11 U.S.C. § 362(a). It is undisputed that, aside from the maritime lien, this vessel is the property of Curtis, the debtor. The stay "gives the debtor a breathing spell from his creditors. It stops all collection efforts, all harassment, and all foreclosure actions." H. Rep. No. 595, 95th Cong., 2d Sess., reprinted in 1978 U.S.C.C.A.N. 5787, 5963, 6296-97; see also S.Rep. No. 989, 95th Cong., 2d Sess., reprinted in 1978 U.S.C.C.A.N. 5787, 5836.

Under prior bankruptcy law, the stay was automatically effective in reorganizations filed under Chapters 11 and 13, but required an order of the court to come into effect with respect to Chapter 7 liquidations like this one. See United States v. LeBouf Bros. Towing Co., 45 B.R. 887, 888-90 (E.D.La.1985) (discussing the application of the automatic stay provision under the Bankruptcy Code of 1898). That regimen was changed by the Bankruptcy Reform Act of 1978. Now stays are automatic in all types of bankruptcy filings. See 28 U.S.C. § 362(a); S.Rep. No. 989, 95th Cong., 2d Sess., reprinted in 1978 U.S.C.C.A.N. at 5836 ("All proceedings are stayed. . . ."). Consequently some of the old caselaw has lost its persuasive force. Courts have begun to recognize that disparate treatment is contrary to the language and purpose of the stay. See In re HTI Shipping, Inc., 78 B.R. 25, 28-29 (Bkrtcy.D.N.J.1987) (stating that in passing the automatic stay provisions Congress intended to "encompass[] a broad range of proceedings"); LeBouf Bros. Towing Co., 45 B.R. at 889-90. First, "[t]he plain language of the automatic stay provision of the Bankruptcy Code applies equally to liquidations and reorganizations." LeBouf Bros. Towing Co., 45 B.R. at 890. Furthermore, "[d]istinguishing *4 between liquidations and reorganizations in this way . . . ignores that the goal of bankruptcy law regarding liquidation is to ensure a fair distribution of the debtor's assets." Id. at 889-90. Therefore, I hold that the broad language of the automatic stay provision prevents this court from going ahead with the admiralty issues during the pendency of the Bankruptcy case. See Adams, 203 B.R. at 299 ("[T]his is a run-of-the-mill bankruptcy case. . . . [A] debtor[] asks for a breathing spell to pay [his] debts. The stay provides that breathing spell. There is nothing about this case which requires special skills or knowledge not possessed by a[] . . . bankruptcy judge."); LeBouf Bros. Towing Co., 45 B.R. at 890-91.[2]

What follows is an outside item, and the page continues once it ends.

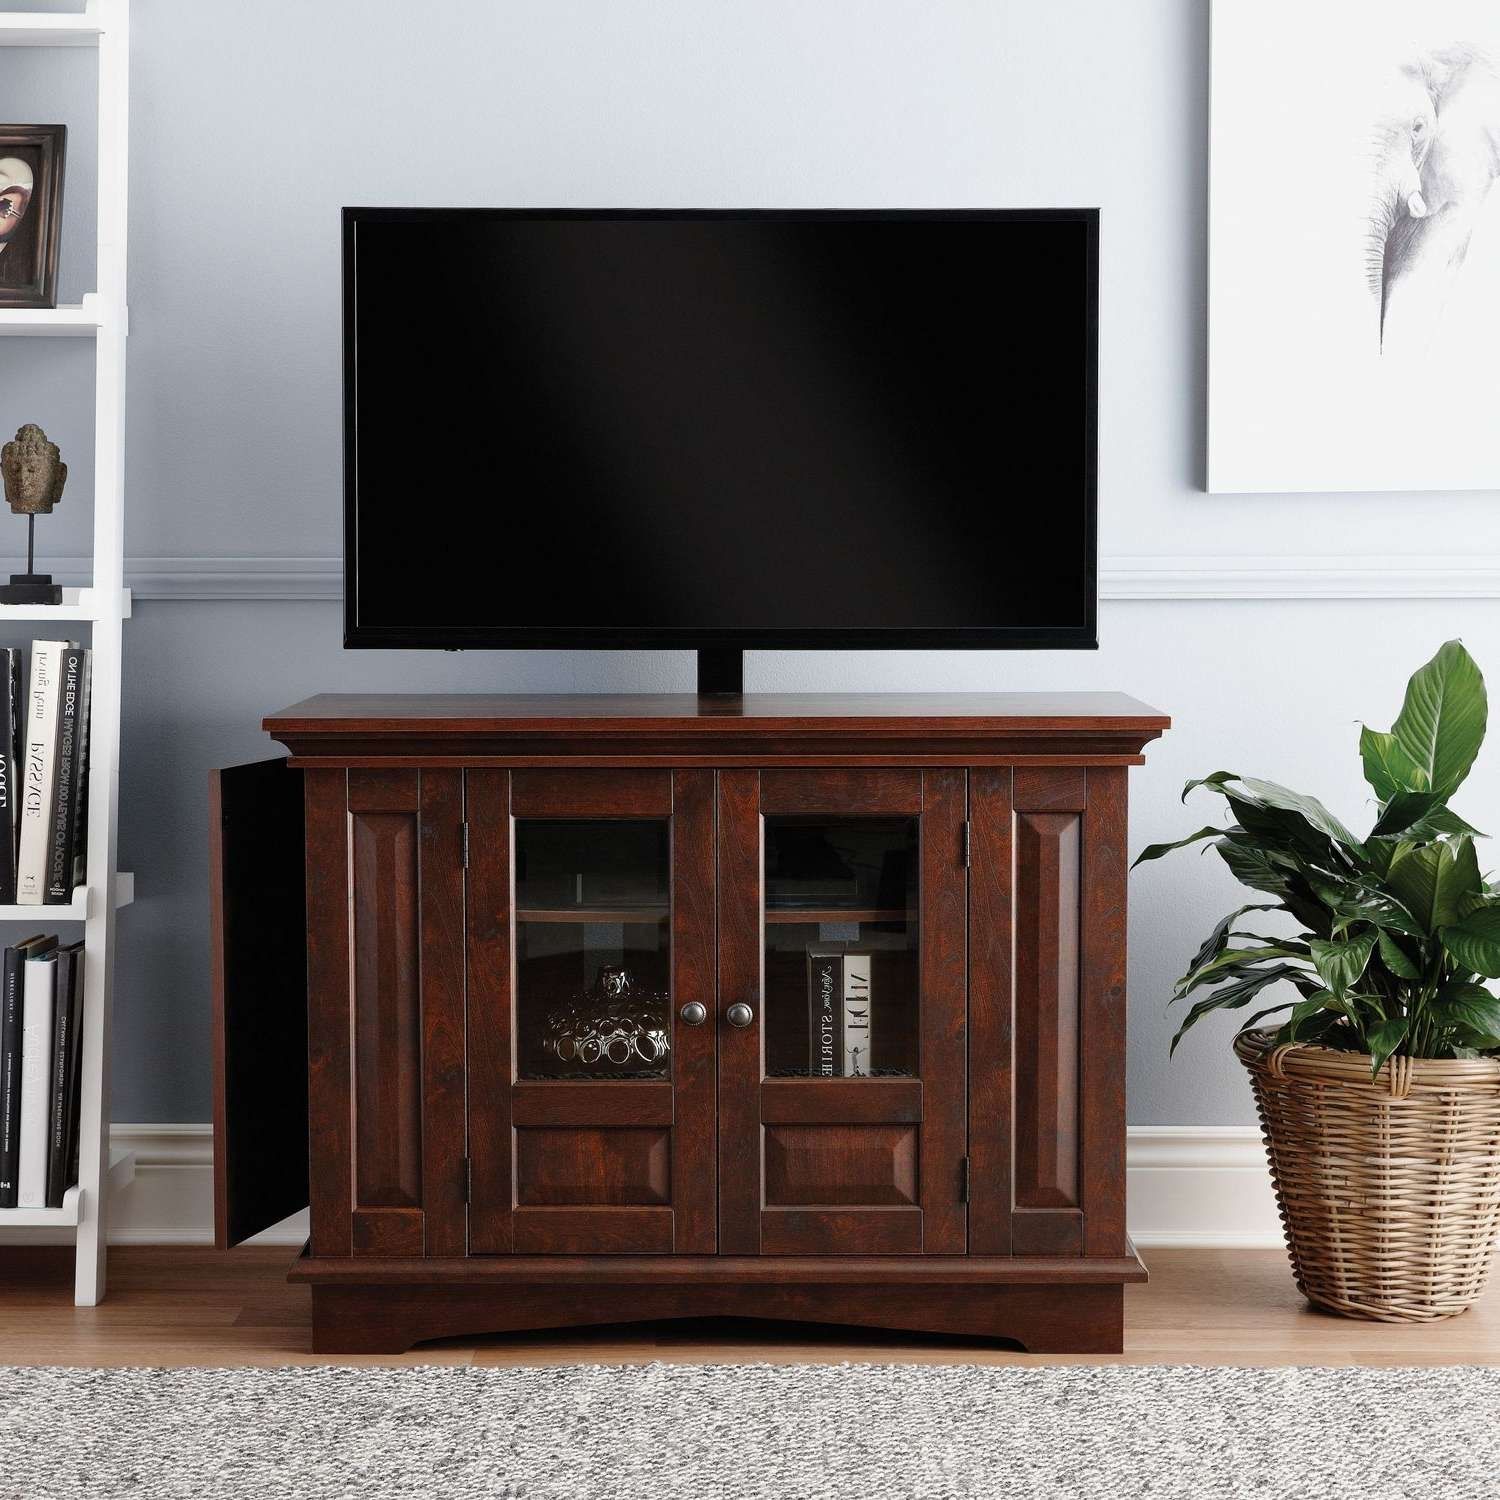 Universal Tv St& & Wall Mounts At Walmart Canada Within Tv Stands 38 Inches Wide (View 1 of 15)

My decision to honor the automatic stay does not divest this court of jurisdiction over the admiralty claims. When the petition is filed in the bankruptcy court of the same district as the admiralty court, there is no conflict of jurisdiction since "the bankruptcy court is merely a unit of the district court," id. at 892, and "has no jurisdictional authority independent of this [district] court." Id. at 891; see also Adams, 203 B.R. at 300 ("The automatic stay does not . . . lead to the loss of jurisdiction. . . . [N]othing in [§ 362(a)] prevents the Article III court from exercising its jurisdiction over the admiralty claims of this case. . . . Rather, the statutory scheme for bankruptcy simply contemplates staying other matters while the debtor(s) exercise their rights in the Article I (bankruptcy) court.")[3]

The plaintiff can, of course, request the Bankruptcy Court to lift the stay at an appropriate time.

 
IV. CONCLUSION

In sum, "there is no reason why the Bankruptcy Act, and Article III adjudication of admiralty claims cannot ride in tandem." Adams, 203 B.R. at 301. This Court properly has jurisdiction over the vessel and the admiralty claims, but such jurisdiction is concurrent with the bankruptcy arm of this Court pursuant to a later-filed bankruptcy petition. I DENY the plaintiff's motion to withdraw the reference to the bankruptcy court, and conclude that these admiralty proceedings are properly stayed by the automatic stay provision of § 362(a).

SO ORDERED.

NOTES

[1] The parties have not debated whether admiralty is a law "affecting interstate commerce" for purposes of § 157(d). See American Ins. Co. v. Canter, 26 U.S. 545-46 (1828) ("A case in admiralty does not, in fact, arise under the Constitution or laws of the United States. These cases are as old as navigation itself; and the law, admiralty and maritime, as it has existed for ages, is applied by our Courts to the cases as they arise."); United States v. ZP Chandon, 889 F.2d 233, 236-37 (9th Cir.1989) (quoting American Ins. Co.); see also John H. Strasburger, "The ABC's of Admiralty and Bankruptcy in Concert of Conflict," 21 J. Mar. L. & Corn. 273, 284 n. 30 (1990) (interpreting Chandon's reading of American Ins. Co. as a suggestion that Congress lacks power to "restrict a district court's enforcement of maritime liens"). Even if it is, however, there is no indication that the bankruptcy court would "undertake analysis of significant open and unresolved issues regarding the non-title 11 law" as required for mandatory withdrawal. Matter of Vicars Inc. Agency, Inc., 96 F.3d 949, 954 (7th Cir.1996); see also In re Ionosphere Clubs, Inc., 922 F.2d 984, 995 (2d Cir.1990). The mandatory withdrawal provision of § 157(d) may "not [be] utilized as an escape hatch through which most bankruptcy matters could be removed to a district court." In re Bulk Oil (USA), Inc., 209 B.R. 29, 30 (S.D.N.Y.1997) (internal quotations omitted).

[2] Neither am I persuaded that the doctrine of custodia legis requires me to grant the plaintiff's motion. The District of Maine has jurisdiction over this case and this vessel, both in admiralty and in bankruptcy. The only question is which part of the case proceeds first, and under the stay it will be bankruptcy.

[3] Finally. I do not agree with the parties' focus on Kesselring v. F/T Arctic Hero, No. A90-492, 1991 WL 692792 (D.Alaska Nov. 19, 1991). Kesselring involved the ability of the bankruptcy court to decide admiralty claims during the pendency of its bankruptcy stay. By contrast, this case, like a subsequent District of Alaska case, poses the quite different question only of whether the admiralty claims can be stayed. See Adams, 203 B.R. at 301 n. 1 (noting that "at first glance it may appear that [the same magistrate judge] reached a different result . . . in the case of Kesselring" but that really the cases involve different issues).